Moving Beyond Limited Marketing Thinking

Using Relational Marketing and Mutual Relationship Marketing to Achieve Better Customer Retention

What is the most important relationship element of a successful business?  – Customers. Without customers, there are no sales, no achieving objectives; eventually no employees either.

Whether short term or long term, all business is about relationships and exchanges of value, externally as well as internally. This of course should be one of the basic definitions of marketing.

Whether it is building relationships with customers, partners, employees, and/or vendors, everything successful about your business depends on the relationships formed

The basic business transaction is that between the seller and a buyer. The most basic purpose of all marketing is to develop, encourage and facilitate a value exchange process between provider (seller) and buyer to achieve objectives

It is important for you as well as your partners in the value adding chain, to consider mutual relationship building with your customers. You can do this from the first point of contact to the final interaction, with relationship marketing.

Marketing Strategies

As I have written about before, there are two basic versions of marketing – the traditional (older and more limited) Transactional Marketing and the relatively more recent Relational Marketing Strategy.

While Transactional marketing is focused on the provider (seller) achieving their own objectives as quickly as possible, Relational marketing, is focused on both buyer and provider (seller) achieving their objectives by working together.

Relational marketing sees the sale as the first step in the building of a relationship – creating an on-going customer.

Relational Marketing Strategy refers to the primary strategic goal (and attendant objectives) of building long-term and mutually beneficial arrangements where both the buyer and seller have an interest in maintaining a more satisfying exchange.  Thus, if the company can build a relationship with the customer – find out who he or she is, what needs are important, it will be able to gain a lot more than just the ad hoc approach of transactional marketing.

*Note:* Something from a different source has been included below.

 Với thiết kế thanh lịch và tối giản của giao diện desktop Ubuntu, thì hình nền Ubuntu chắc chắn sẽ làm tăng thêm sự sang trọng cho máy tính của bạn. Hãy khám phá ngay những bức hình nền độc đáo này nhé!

Relational marketing recognises the value of building and maintaining customer relationships as the path to long term success, while still being able to use traditional (as well as new) Marketing Mix methods.

Relational Marketing treats marketing as a process that not only seeks current sales but sets out to build them over time, rather than single partially connected events.

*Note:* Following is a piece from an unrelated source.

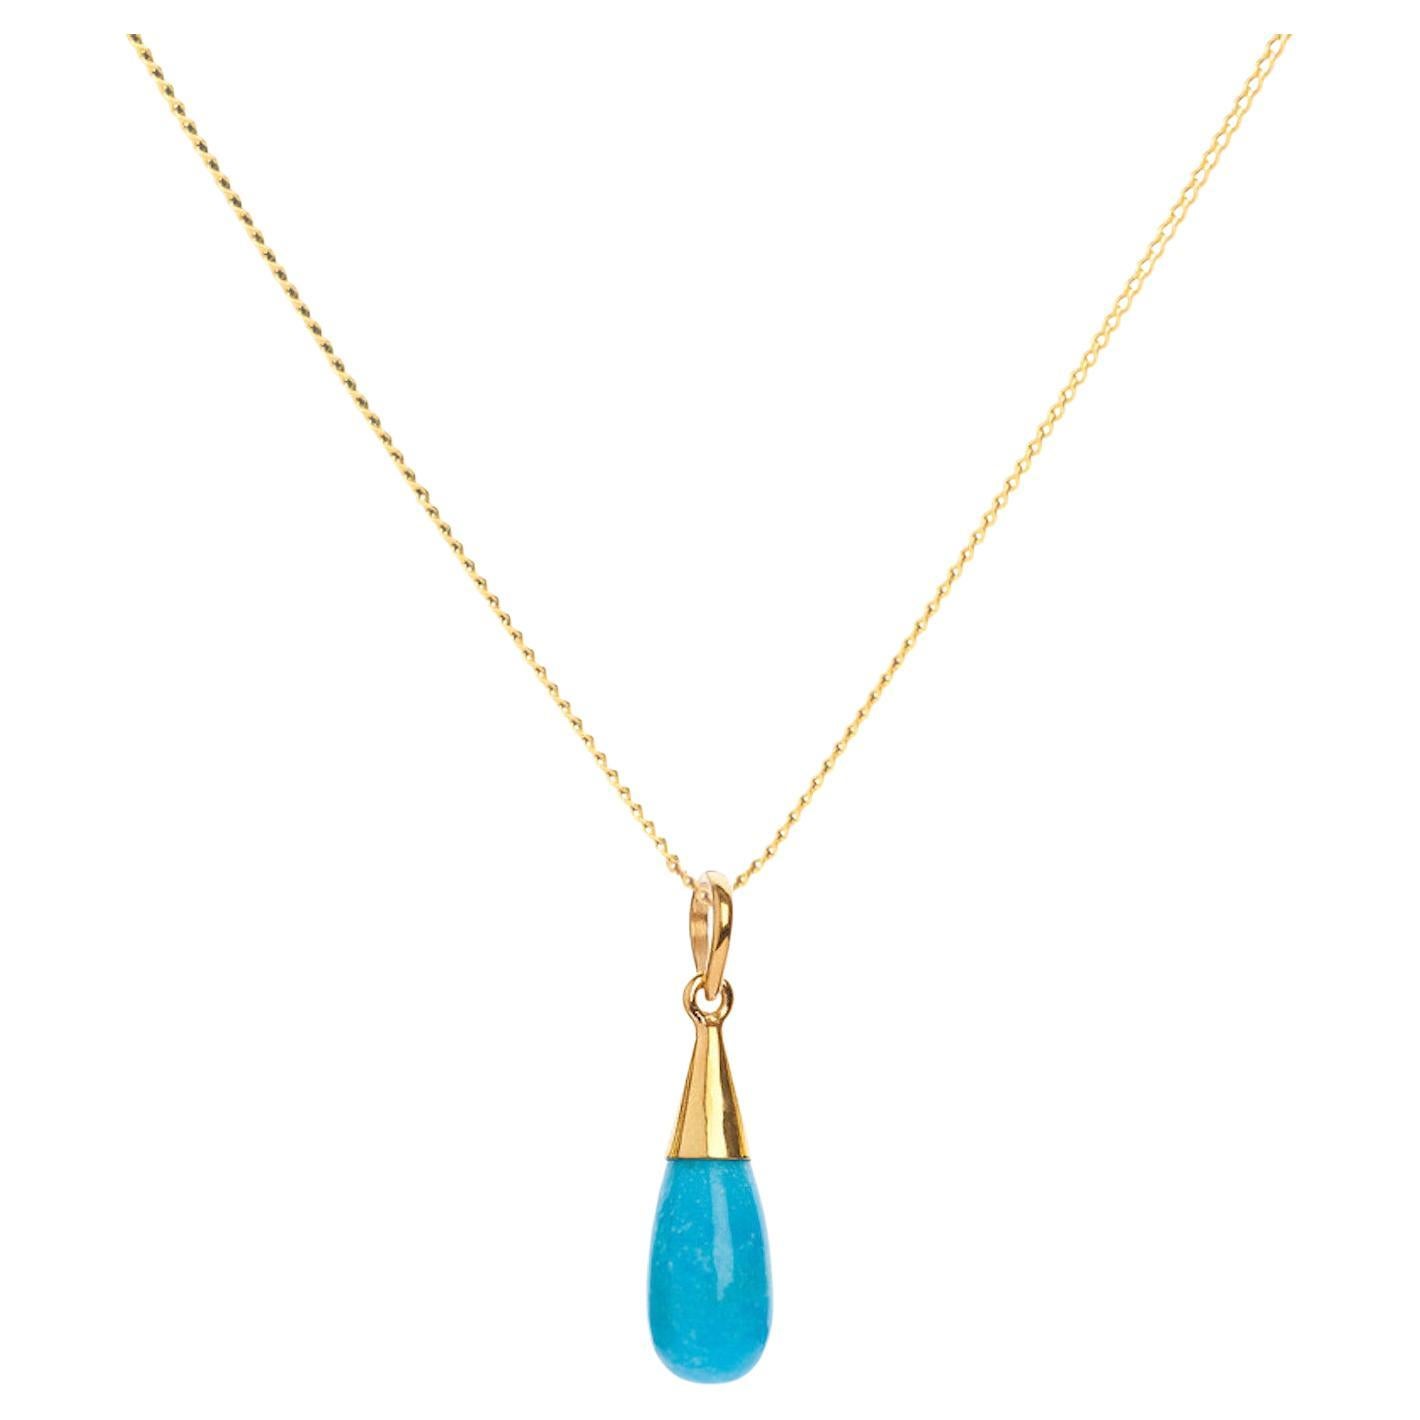 Elizabeth Raine, collier pendentif chakra en or 18 carats et turquoise

Mutual Relationship Marketing differs from Relationship Marketing

Mutual Relationship Marketing is a strategy where the company and aligned partners combine their efforts – Products (both goods and services) to form mutually beneficial relationships to acquire and maintain customers over longer period.  It is a strategic attempt to involve more exchange partners in building a long-term association characterised by purposeful co-operation and mutual dependence and the development of social, as well as structural bonds.

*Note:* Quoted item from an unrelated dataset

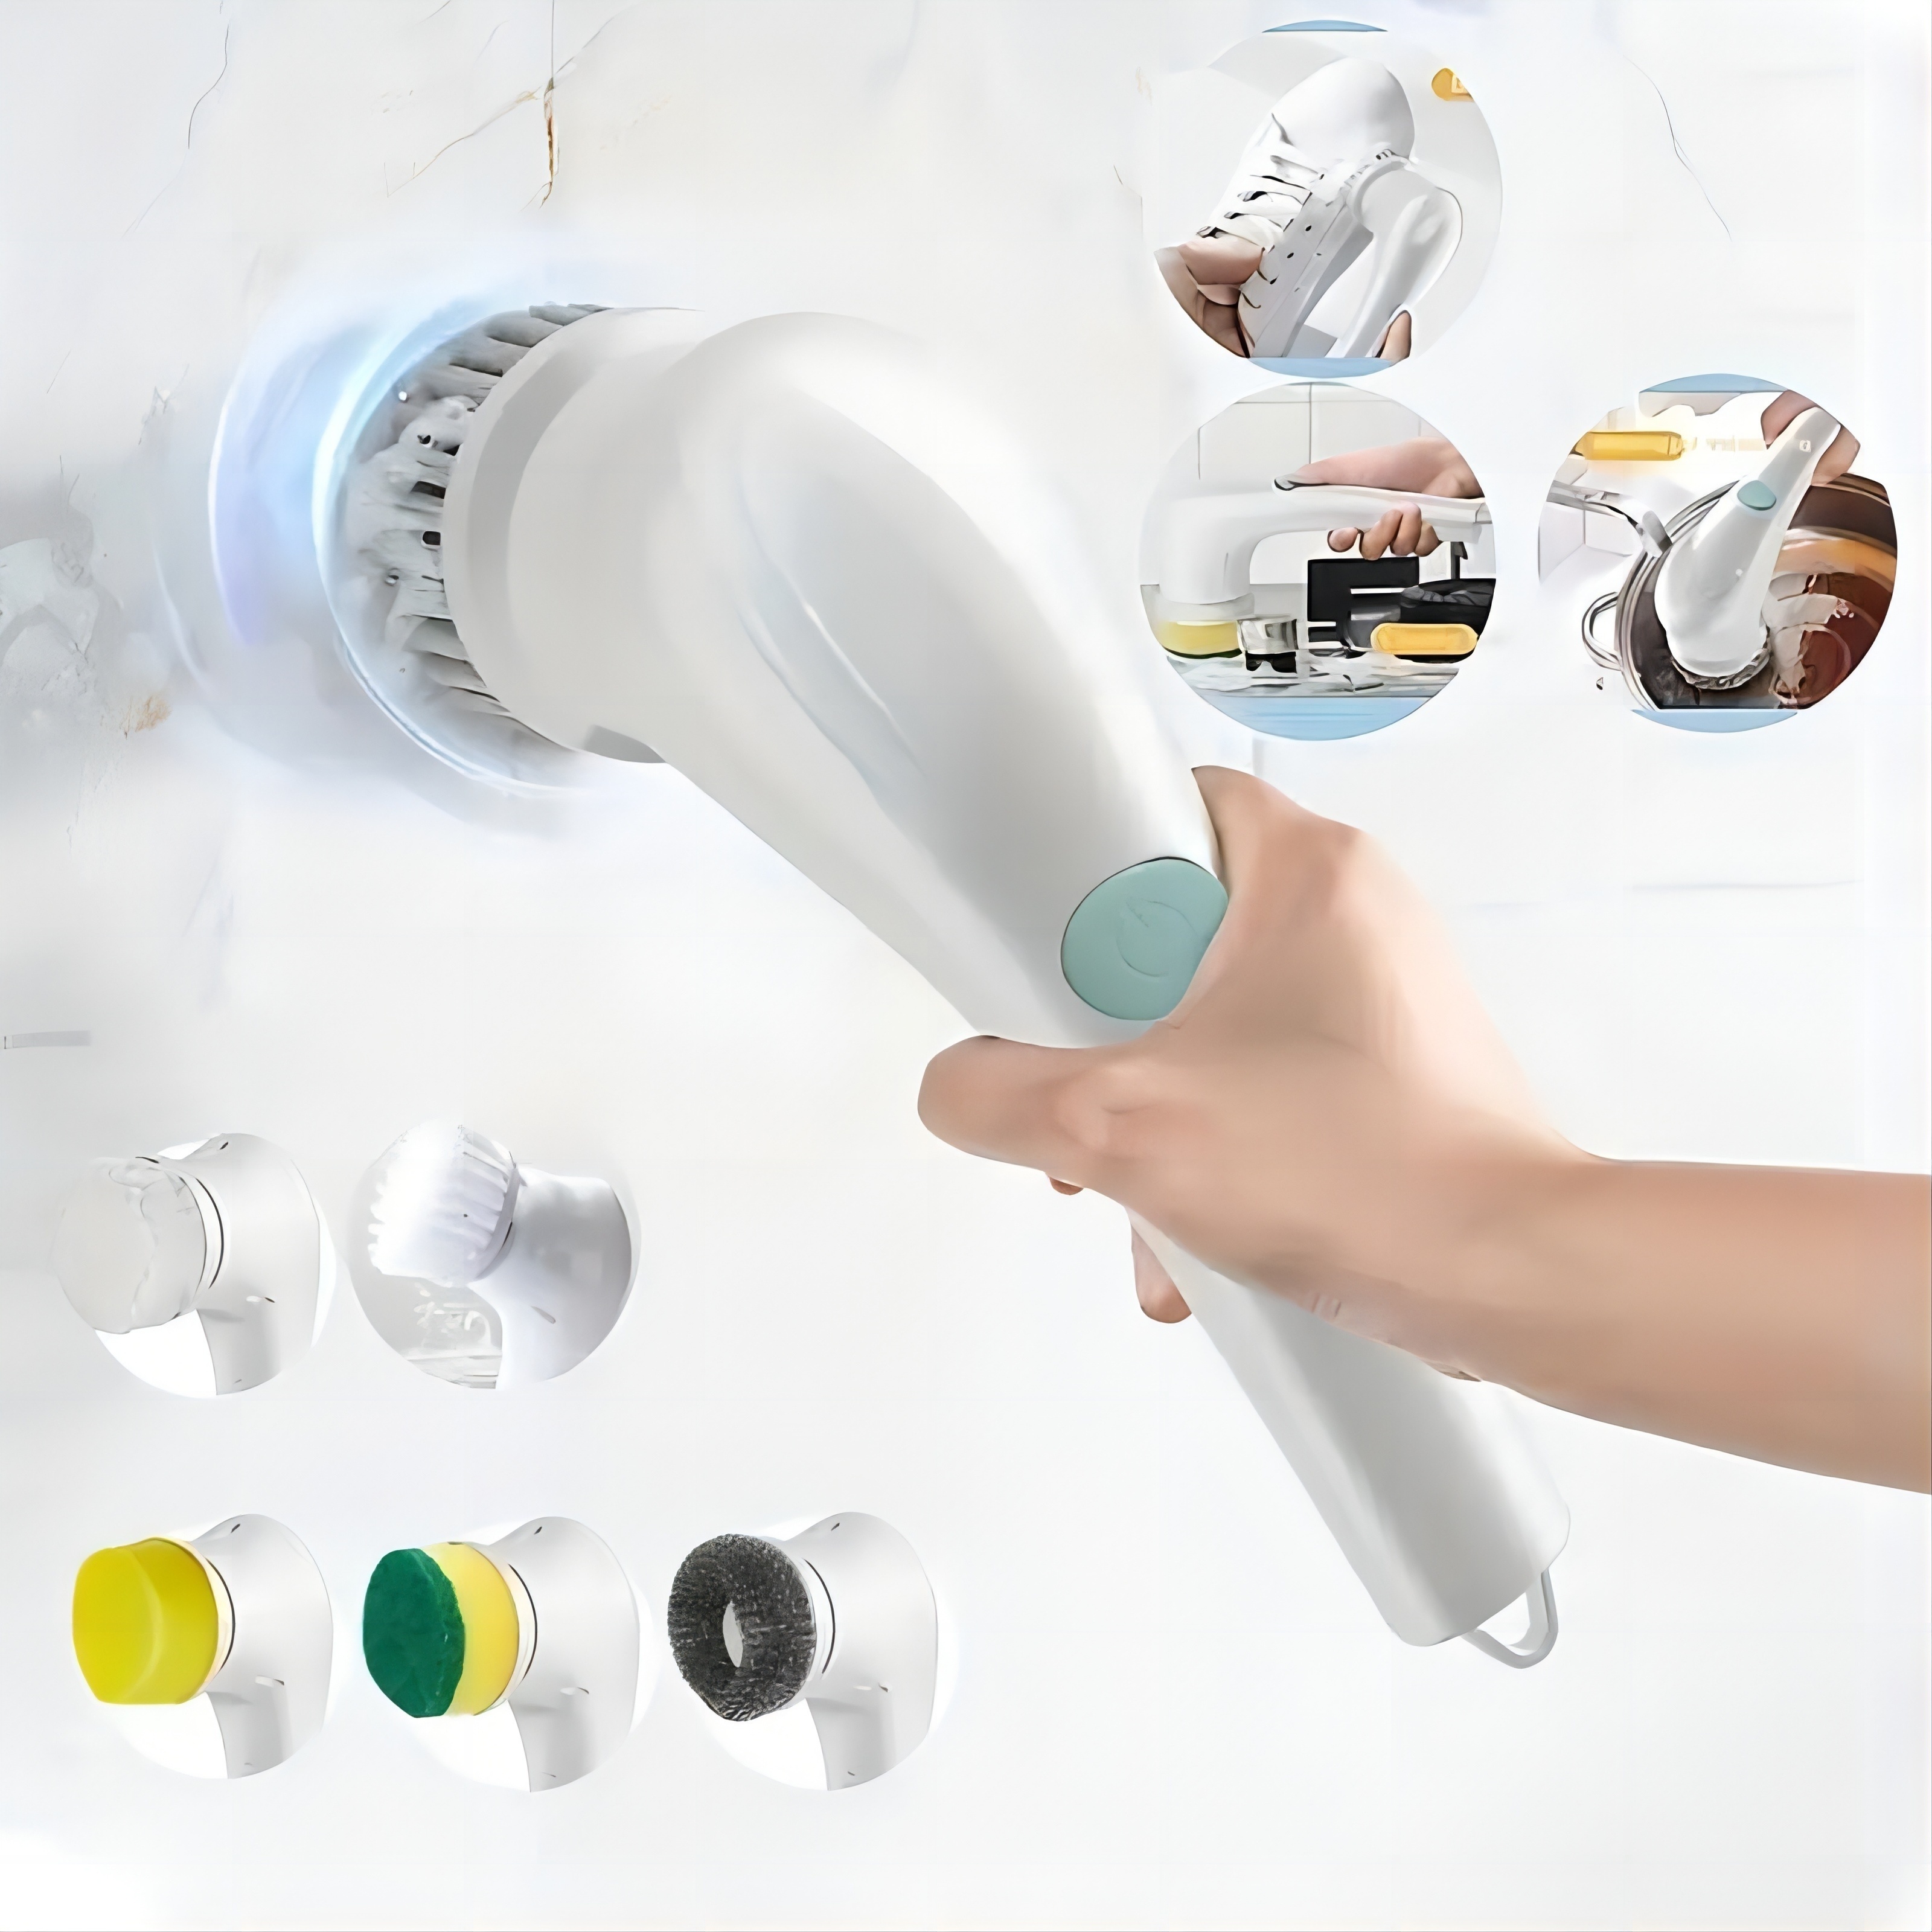 Cepillo limpiador eléctrico giratorio: limpiador de ducha inalámbrico 360  grados con 3 cabezales de cepillo de limpieza reemplazables multiusos y 1

There have been many definitions of Relationship Marketing.  Most of them concentrating on the relationship to be formed with customers by a single provider.

Wikipedia (http://en.wikipedia.org/wiki/Relationship_marketing) says “Relationship marketing was first defined as a form of marketing developed from direct response marketing campaigns which emphasises customer retention and satisfaction, rather than a dominant focus on sales transactions”  This seems more like the definition of Relational Marketing.

The American Marketing Association Dictionary (http://www.marketingpower.com/_layouts/Dictionary.aspx) says Relationship marketing is “Marketing with the conscious aim to develop and manage long-term and/or trusting relationships with customers, distributors, suppliers, or other parties in the marketing environment.”  This shows a wider concept than just a focus on the customers of one company.

The following is a definition that takes an extended approach.

Mutual Relationship marketing is a strategy where the firm and partners provide combined products (goods and services) by forming mutually beneficial relationships to acquire and maintain customers– resulting better value outcomes for all parties. It focuses on the value enhancement of combining to provide a better overall product experience (both goods and services) to the same customers.

Mutual Relational Marketing better combines and manages the customer experience along the whole (or part) of the value adding chain Thus (for example) a combined offer that includes the manufacturer, retailer credit provider, installer and customer support.

A Mutual Relational Marketing approach recognises that a customer may value a combined approach to solving their purchase needs, rather than having to undertake a number of activities themselves to achieve the satisfaction of owning and using the product.

Goals of Mutual Relationship Marketing

A relationship marketing approach, within a Relational Marketing Strategy framework should have four basic goals:

Greater Customer Satisfaction – Relationship marketing relies upon increasing the total satisfaction of a customer. By providing quality goods and a holistic and personal selling strategy, each individual customer becomes relevant to the total customer base.

Access to More Customers – though natural sharing between customers

Customer Retention – Relationship marketing is also focused on retention. By providing exemplary customer service and exceeding the customer’s expectations, they will want to do business with you again and again. It is human nature to do business and have contact with others who make us feel comfortable and offer a pleasant experience.

Lower Costs in Customer Acquisition and Retention – Because the resources of more companies are mutually shared

Now certainly establishing Mutual Relationship Marketing with other providers may not be easy.  It is afterall a more formalised version of the the well known channels of distribution – vertical marketing – and will require goodwiil, good understanding, good management to make it work.  But the results and benefits may well be worth the effort.